> **About this exercise**:
Work through the listing below and give again exactly the lines from the one with "illustration d'Alice tenant" to the one with "Pulau Bungin Pulau Terpadat Indonesia Pulau", both ends included. All other lines and all pictures stay out.

> **Data shown**:

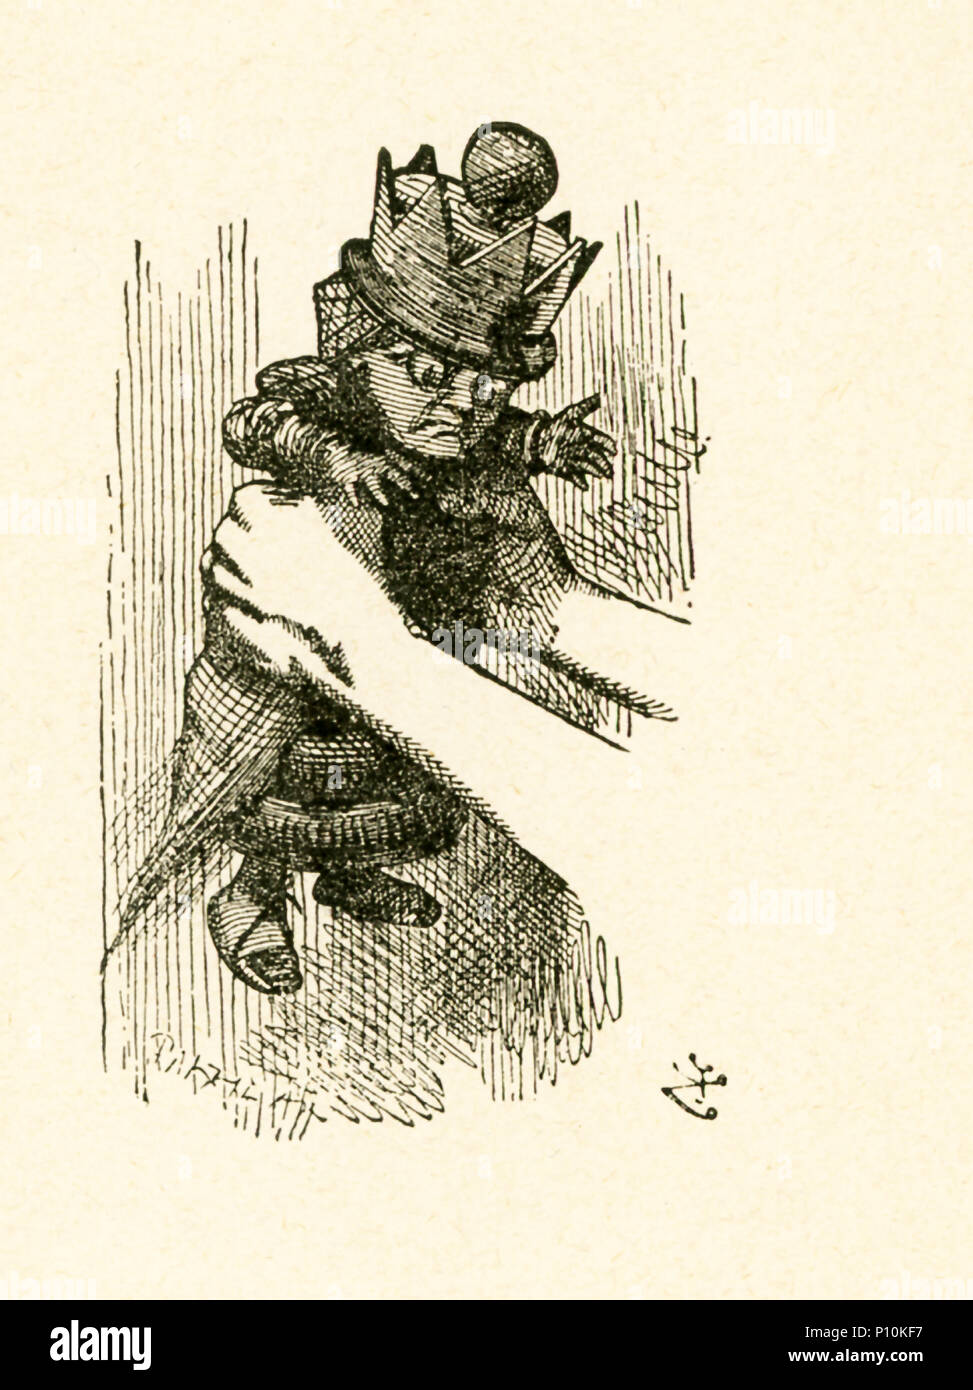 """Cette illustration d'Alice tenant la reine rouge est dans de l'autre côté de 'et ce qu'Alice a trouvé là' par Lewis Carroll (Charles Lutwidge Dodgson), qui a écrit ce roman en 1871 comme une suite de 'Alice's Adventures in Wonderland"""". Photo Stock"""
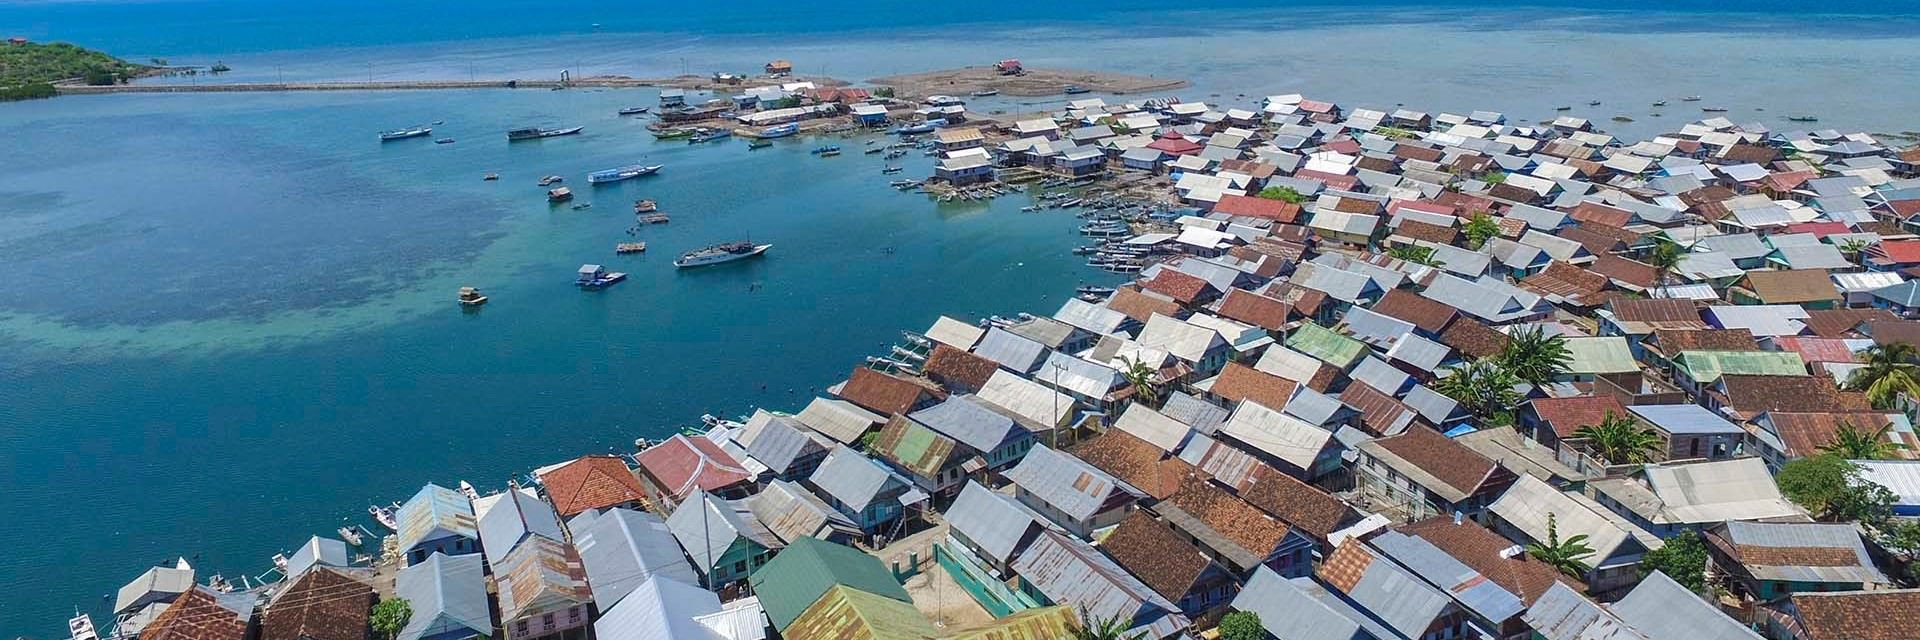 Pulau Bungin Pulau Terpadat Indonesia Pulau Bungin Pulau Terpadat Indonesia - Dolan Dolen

==

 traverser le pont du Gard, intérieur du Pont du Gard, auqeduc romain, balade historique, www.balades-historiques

> **Final answer**:
 """Cette illustration d'Alice tenant la reine rouge est dans de l'autre côté de 'et ce qu'Alice a trouvé là' par Lewis Carroll (Charles Lutwidge Dodgson), qui a écrit ce roman en 1871 comme une suite de 'Alice's Adventures in Wonderland"""". Photo Stock"""
 Pulau Bungin Pulau Terpadat Indonesia Pulau Bungin Pulau Terpadat Indonesia - Dolan Dolen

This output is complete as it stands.